Le bureau du procureur demande d’interdire à la première dame du Pérou de quitter le pays

Le parquet du Pérou a demandé lundi à la justice d’interdire à la première dame, Lilia Paredes, de quitter le pays pendant 36 mois, alors qu’elle fait l’objet d’une enquête pour blanchiment d’argent présumé avec son mari, le président Pedro Castillo.

« Le ministère public a demandé 36 mois d’empêchement pour quitter le pays et comparaître avec des restrictions à l’encontre de la première dame, Lilia Paredes, dans le cadre de l’enquête en cours pour les délits de crime organisé, de blanchiment d’argent et autres », a-t-il déclaré. a annoncé l’institution en Twitter. La justice doit décider dans les prochains jours d’accepter ou de rejeter cette demande.

La requête du parquet comprend deux frères de la première dame, Walter et David Paredes, et un troisième mis en examen dans la même affaire, Hugo Espino Lucana, que la presse désigne comme la figure de proue présumée du couple présidentiel.

Pour cette même affaire, un tribunal doit se prononcer le 23 août sur l’acceptation ou le rejet d’une demande de 36 mois de détention préventive pour une sœur de la première dame, Yenifer Paredes, qui est en détention provisoire depuis le 10 août.

Les accusations contre la première dame

L’épouse de Castillo serait la coordinatrice d’un réseau de corruption qui opère dans le milieu présidentiel, selon des documents du parquet diffusés par la presse locale.

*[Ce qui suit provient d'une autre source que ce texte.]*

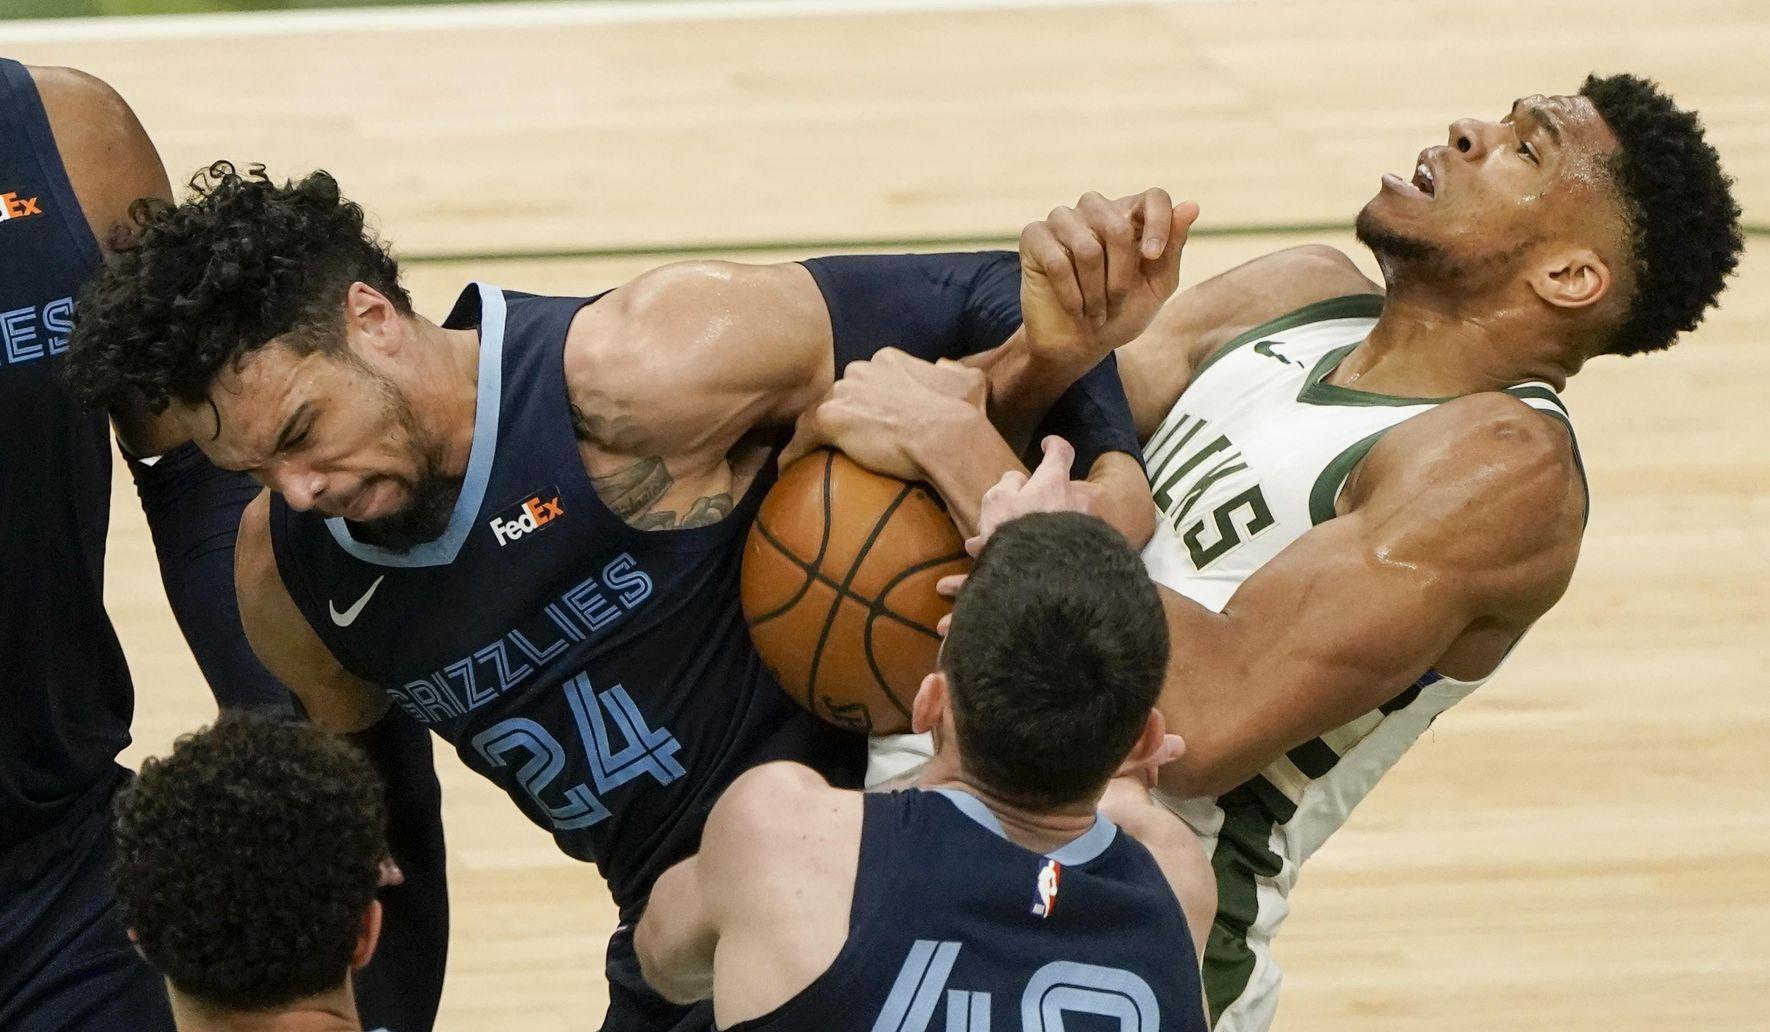 Grizzlies_bucks_basketball_25012_c0-147-3476-2173_s1770x1032

L’entité estime que la première dame de 49 ans « était chargée de viabiliser, de financer et d’accélérer les projets d’investissements publics […] par l’intermédiaire de sa sœur Yenifer Paredes, avec la connaissance et le consentement de son mari », a rapporté le journal La république.

Le président de gauche, qui fait l’objet de six enquêtes, nie tout acte répréhensible de sa famille et se dit victime d’une campagne médiatique visant à l’écarter du pouvoir.

Castillo, qui est en poste depuis un an pour lequel il a été élu jusqu’en 2026, vit sous un siège fiscal pour corruption présumée et un Congrès dominé par la droite qui exige sa démission. Cependant, le bureau du procureur ne peut pas le traduire en justice car il bénéficie de l’immunité jusqu’à la fin de son mandat en 2026. Le dirigeant de 52 ans a également fait face à deux tentatives pour le destituer du Parlement.